Wayne Blank doesn’t pull punches when it comes to the City and plans to develop the art gallery complex Bergamot Station.
“The City has been playing god over everybody here for a few years now,” Blank said from his business, Shoshana Wayne Gallery. “They haven’t made up their mind. They don’t have a real plan. It’s just hanging.”
Blank is essentially breaking away from a partnership with Santa Monica that lasted more than two decades. Up until last month, Blank owned about two acres of Bergamot Station and served as landlord for the rest. On Dec. 20, he sold his portion to real estate investment firm RedCar Properties for $35 million dollars.
As far as the rest of the galleries on the City-owned side, Blank’s lease is up at the end of the year. He says he’ll only remain if things stay the same and his lease gets renewed, but the status quo has been on the precipice of change for years.
“They had the best art community going of any place in the United States,” Blank said. “This was a pretty solid community that lasted for 24 years until the City started getting involved. In the end, the City can’t get out of it’s own way.”
Santa Monica purchased 5.6 acres of Bergamot Station in 1989 with transit funds. The idea was that the site could provide a source of revenue for the Big Blue Bus (BBB). A few years later, Blank helped open Bergamot Station as an art mecca for collectors and creative workers. With Blank as a landlord and partner, about 30 small, creative businesses flourished. Gallery owners benefited from large, formerly industrial spaces and relatively low rents.
Blank maintains that he never raised rents on tenants over the past two decades nor did he pass longer higher costs he incurred as a landlord.
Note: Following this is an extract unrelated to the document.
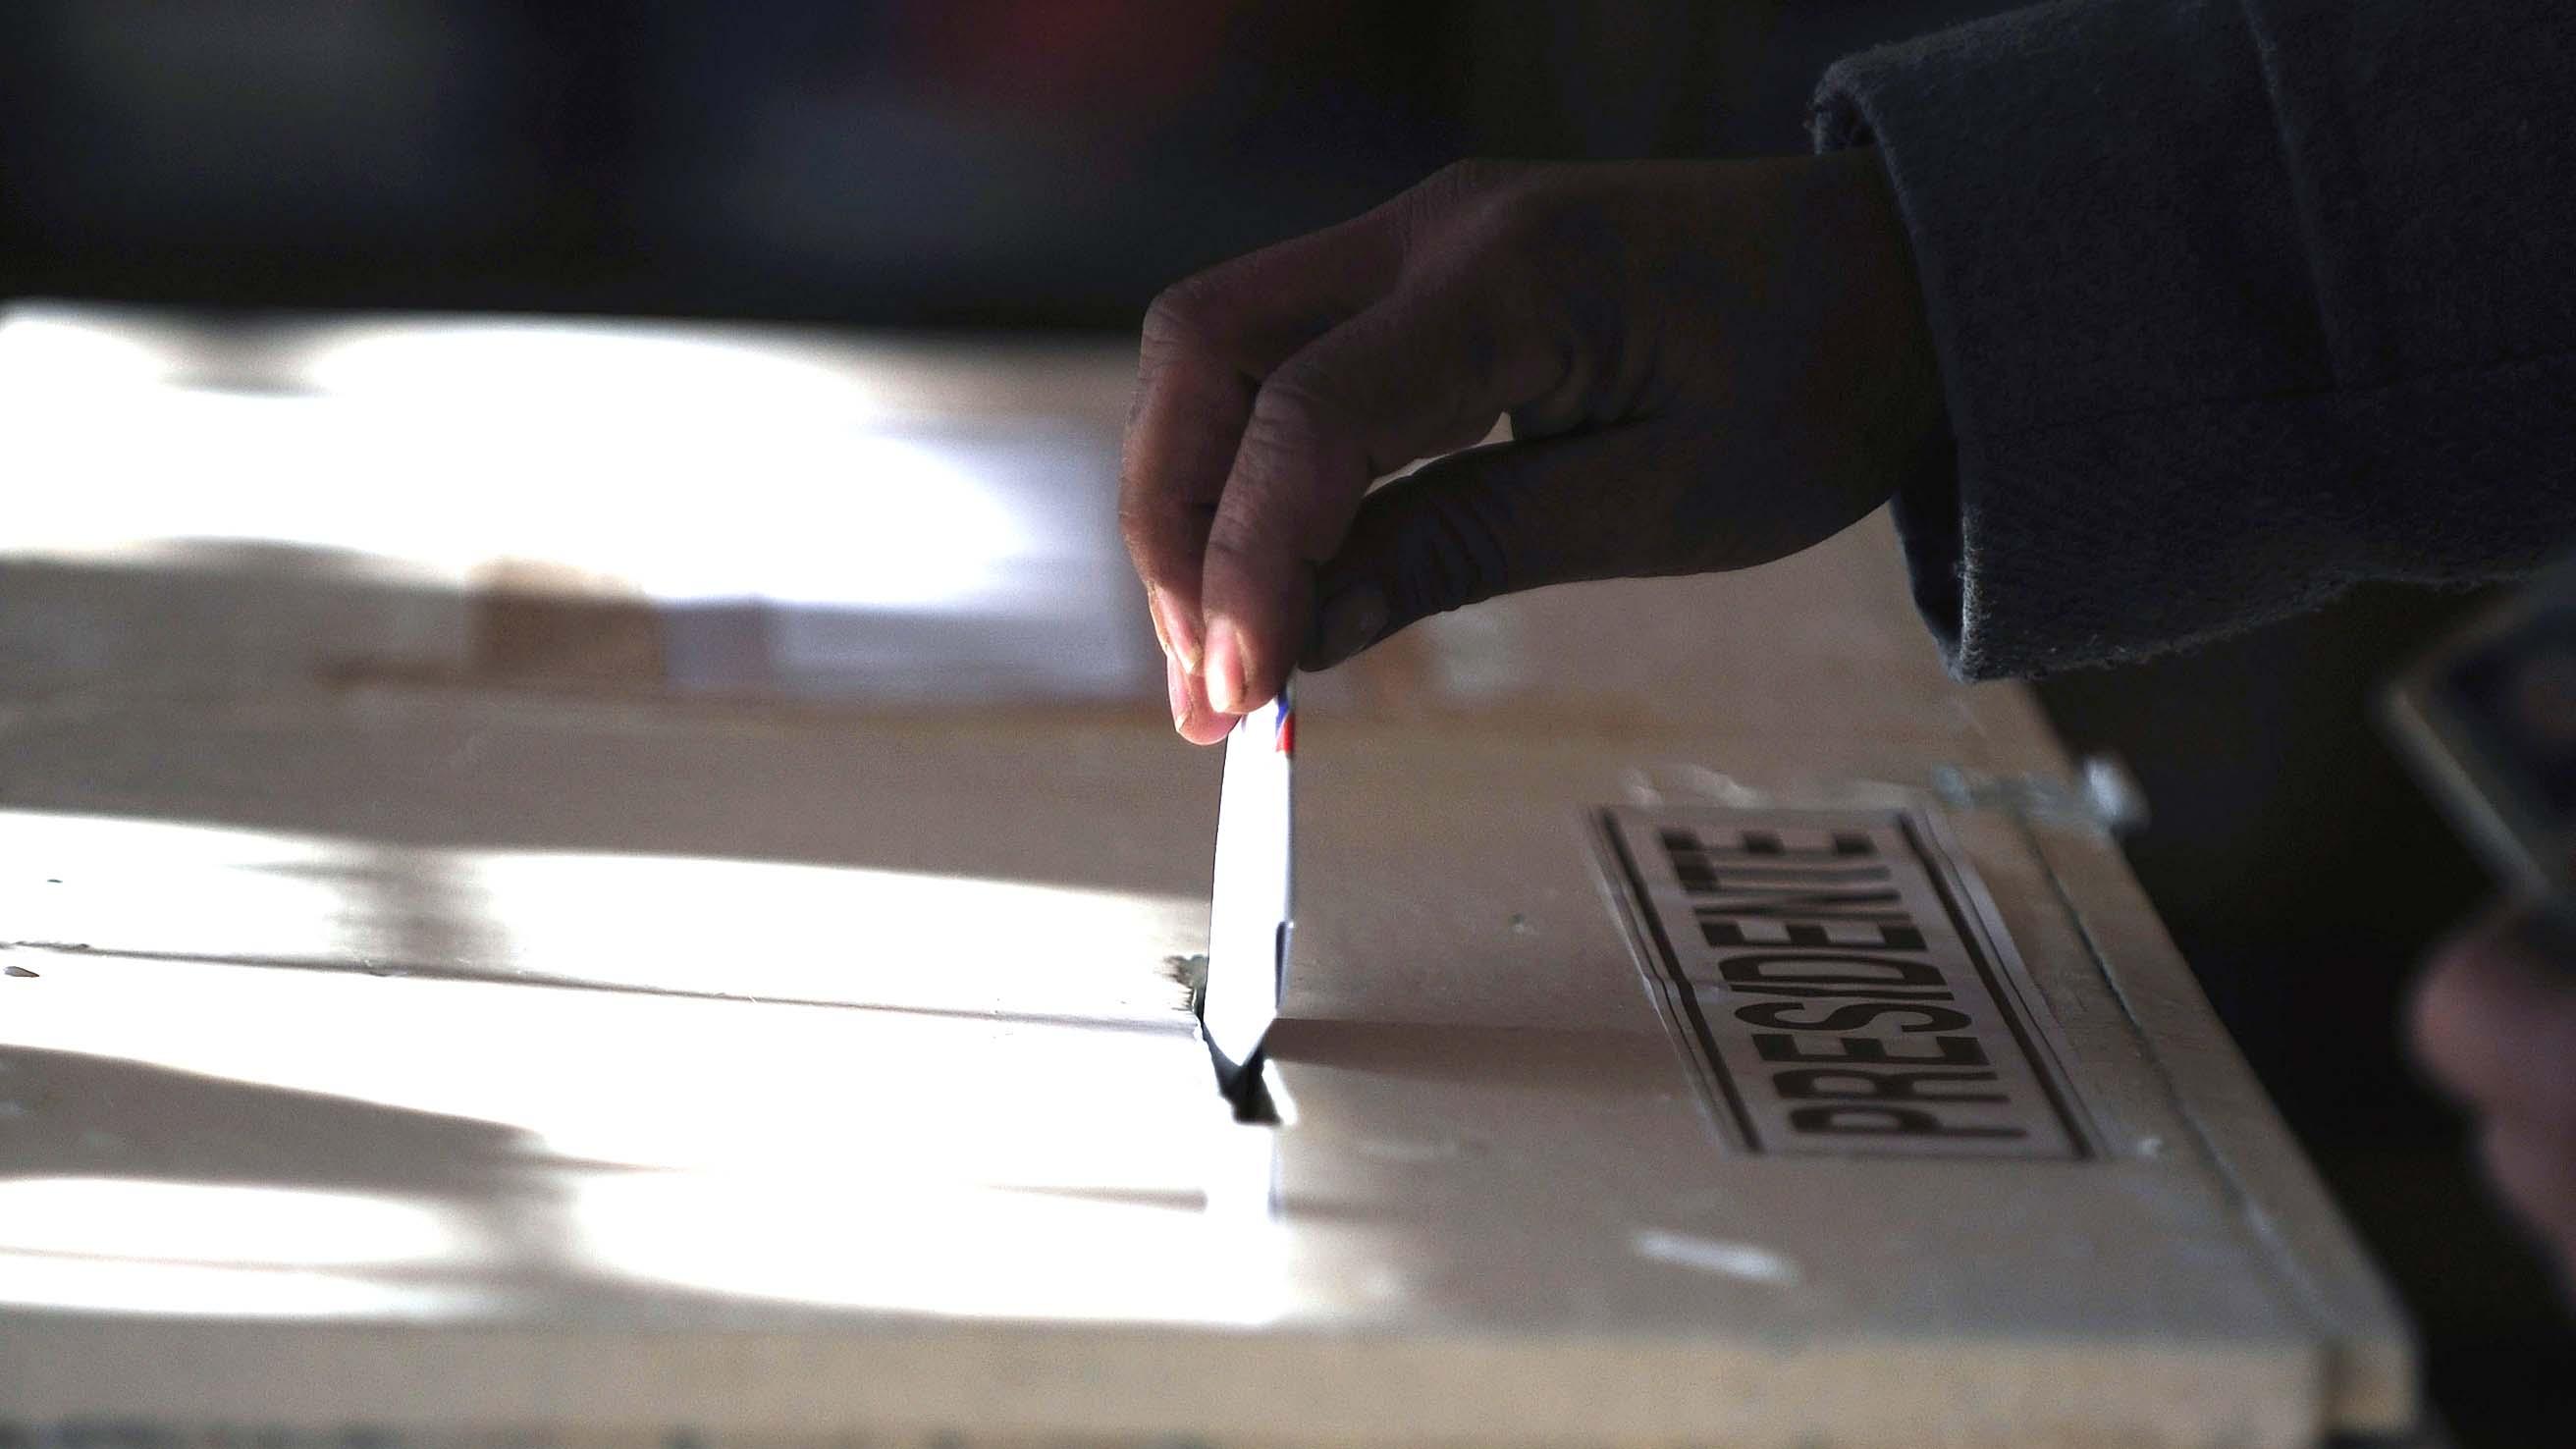 La jornada también servirá para hacer un referéndum que permita eliminar el carácter de delito a las blasfemias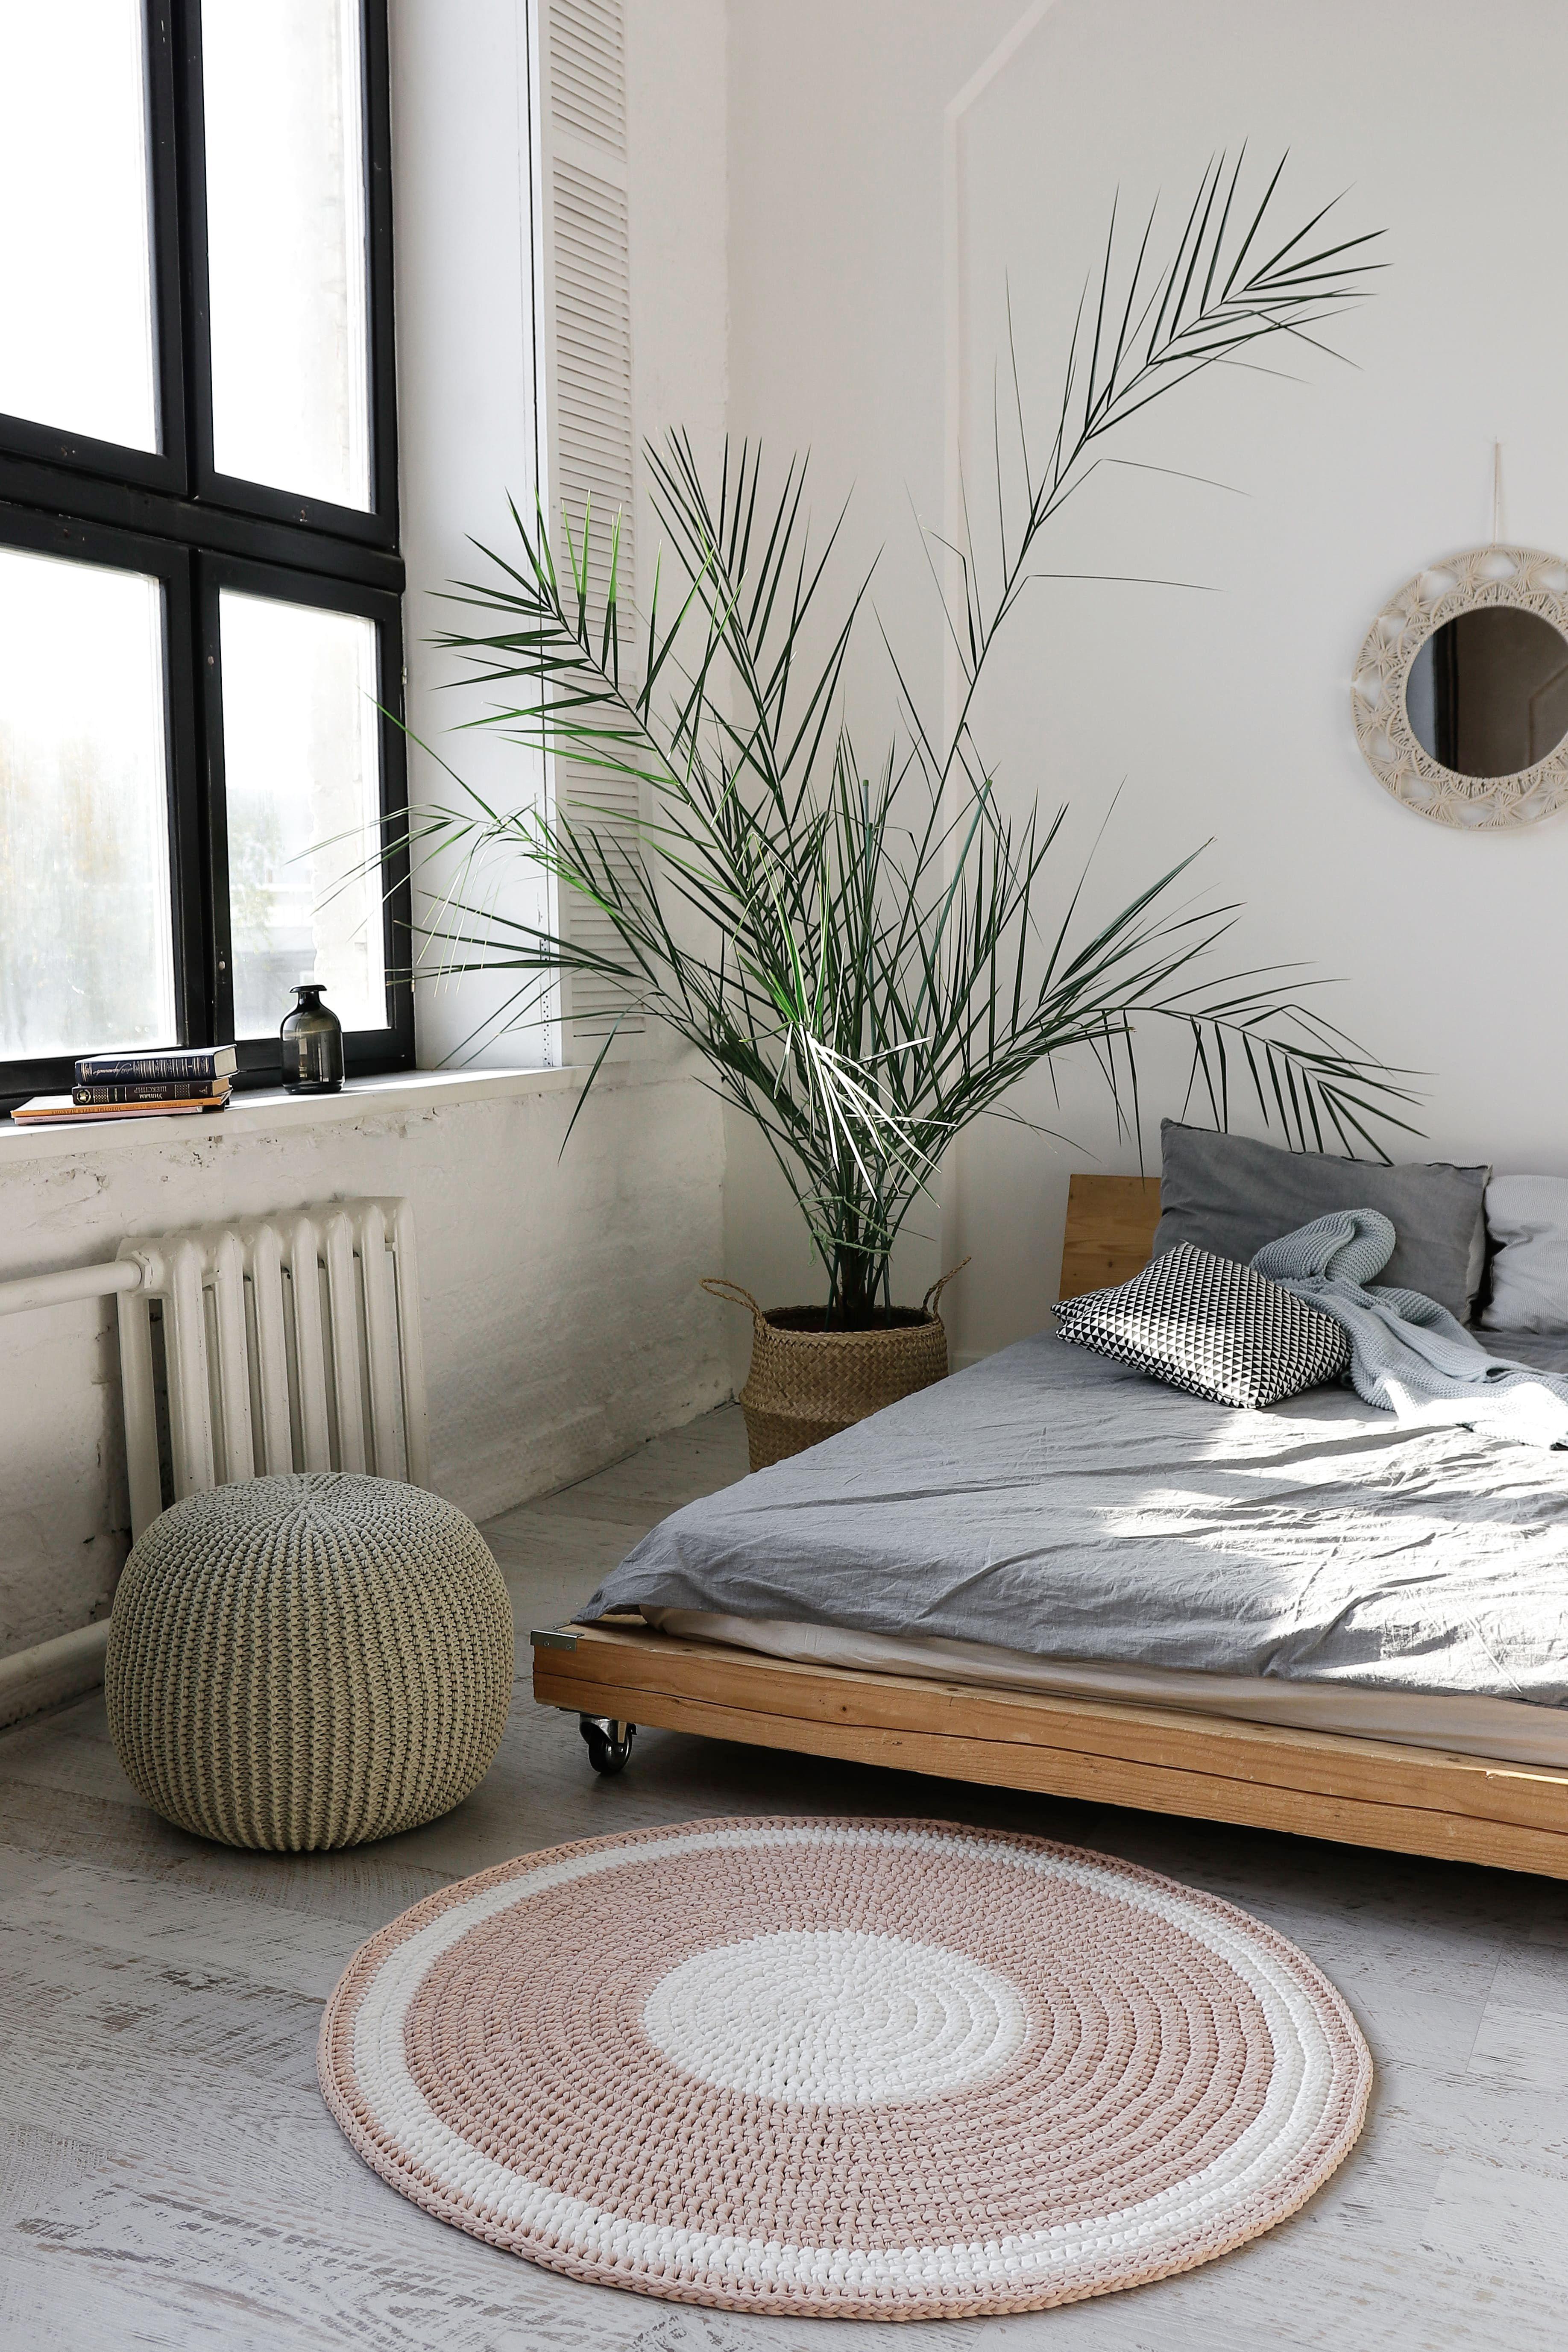 Round Rug In Scandinavian Style Details 100 Cotton Hand

But with light rail on the way, the City’s plans for the site grew. A 2012 staff report established three goals for Bergamot Station: support the arts, deliver a transit-oriented development, and maximize revenue for BBB.
With a directive to maximize revenue and take full advantage of the coming Expo Line, plans were initially quite expansive. They included plans for galleries, apartments, office space, restaurants and even a hotel. The gallery owners and Blank came out against the plans, arguing the prolonged construction and mixed-use development was a death sentence for the arts community.
Since 2014, the City has significantly scaled back the plans but the damage has been done. Blank is essentially washing his hands of the community, beginning with the sale of his 2 acres of property.
Since the deed changed hands, tenants have already seen their rents nearly double as the new owner passed along higher property taxes to the gallery owners. Many of the tenants rent on a monthly basis and it’s hard for them see why it would make sense to stay. The city manager’s office has been trying to set up a meeting with the new owner to discuss helping the creative businesses remain.
The City Council has always maintained they want to support the current gallery owners and help them survive through construction and then eventually subsidize their rents.
When asked what the Council can do to help the gallery owners who are now facing higher rates, Councilmember Kevin McKeown suggested to the Daily Press “someone might write a Blank check.”
Wayne Blank says he has plenty of those lying around, but they’ll most likely be used to relocate his own gallery if and when it leaves Bergamot Station.
“I’m starting to look around and maybe I’ll write a Blank check but it won’t be in Santa Monica, that’s for sure,” Blank said. “I think the city has treated people very shabbily.”